Marc Burgess
2019-Jul-01 11:24 UTC
[R] Using rms Package's Predict function with transformed variables
Hello, I would like to use the rms Package's Glm and Predict functions in order to use some of the additional details that they provide. I'm struggling to get them to work in cases where the formula contains multiple transformed versions of the same variable however. For example Y ~ x + x^2 + log(x+1). I have tried to do a fair bit of experimentation and research on this, but closest I have found is a stackoverflow question for which no complete answer was ever posted (https://stackoverflow.com/questions/42168371/rms-package-glm-how-to-add-indicators-in-the-formula). As the post indicated, it's possible to do the fit by creating explicit transformed variables, but then I can't come up with a way to get them to vary together correctly when using the Predict function.
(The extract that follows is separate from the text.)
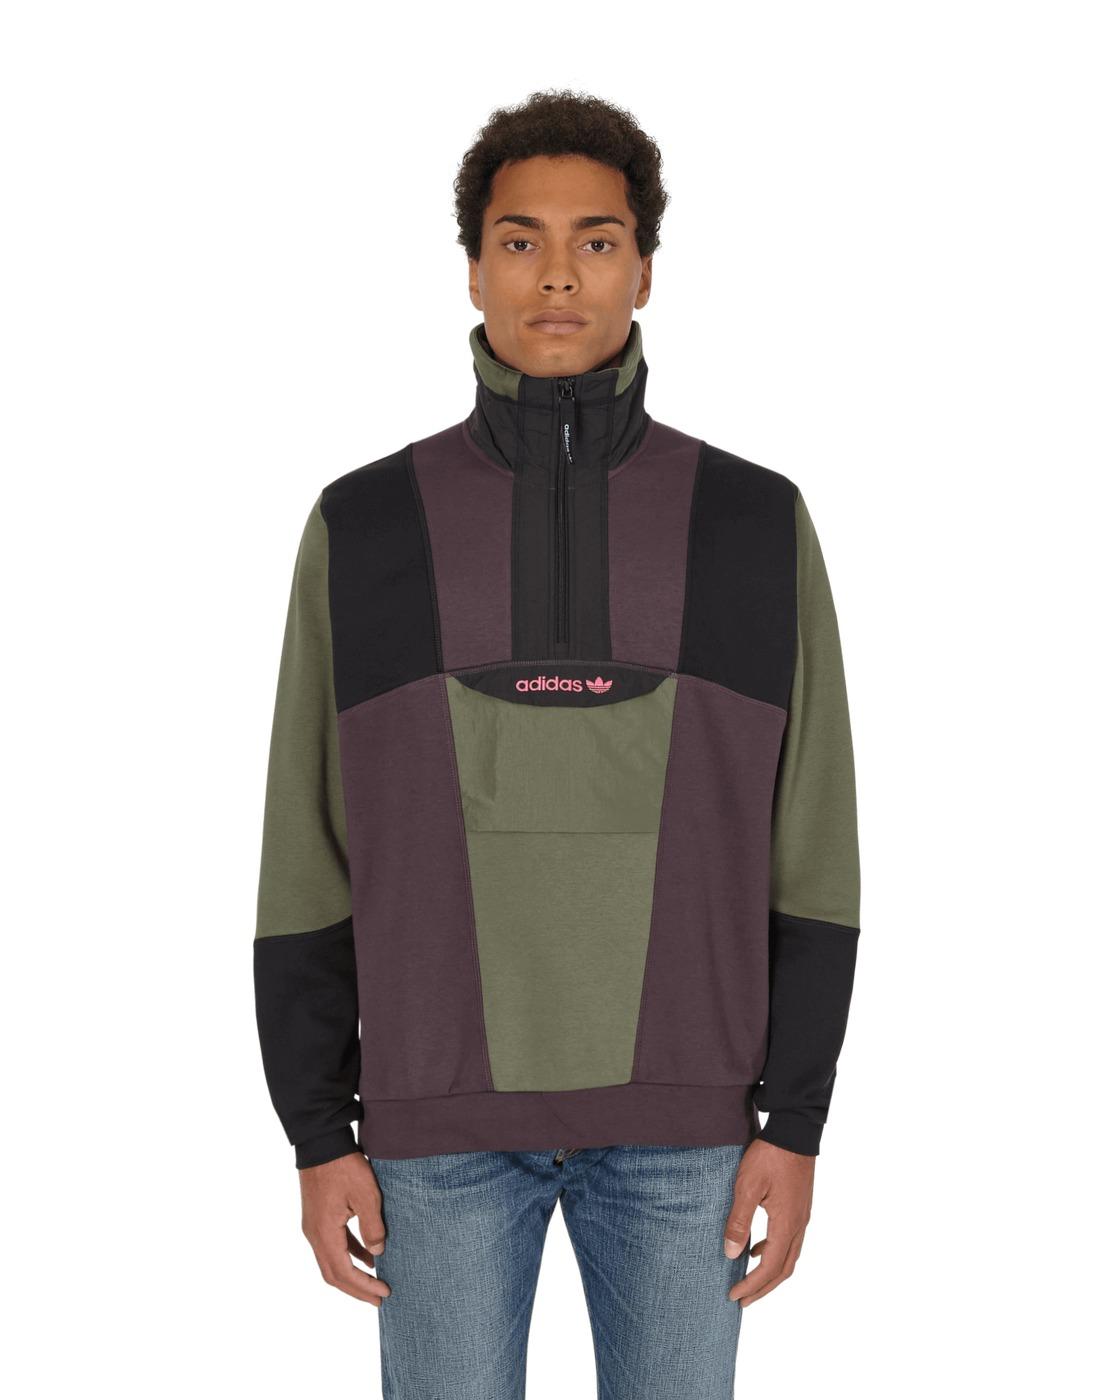 Adidas Originals Adventure Field Half Zip Sweatshirt Multi

Any help would be appreciated --- Marc Burgess Example code: # Generate test data: library(rms) set.seed(100) testdata <- rnorm(10000, 50, 10) ltestdata <- log(testdata+1) testdata2 <- testdata^2 yvals <- rpois(10000, 10+ltestdata+testdata+testdata2) # Can fit using standard glm as follows: testfit1 <- glm(yvals ~ I(log(testdata+1)) + testdata + I(testdata^2), family=poisson()) # Trying different methods fail for rms Glm that don't work: ddist = datadist(testdata, ltestdata, testdata2) options(datadist="ddist") testfit2 <- Glm(yvals ~ I(log(testdata+1)) + testdata + I(testdata^2), family=poisson()) testfit3 <- Glm(yvals ~ asis(log(testdata+1)) + testdata + asis(testdata^2), family=poisson()) testfit3 <- Glm(yvals ~ asis(log(testdata+1)) + pol(testdata,2), family=poisson()) # It does work to use the explicit transformed variables: testfit4 <- Glm(yvals ~ ltestdata + testdata + testdata2, family=poisson()) # We can't then use Predict with testfit4 because it doesn't make sense to independently vary the 3 predictors plot(Predict(testfit4, testdata=30:50, fun="exp")) # ltestdata and testdata2 are being held constant plot(Predict(testfit4, testdata=30:50, ltestdata=log(30:50+1), fun="exp")) # Creates predictions for all combinations, most of which are impossible.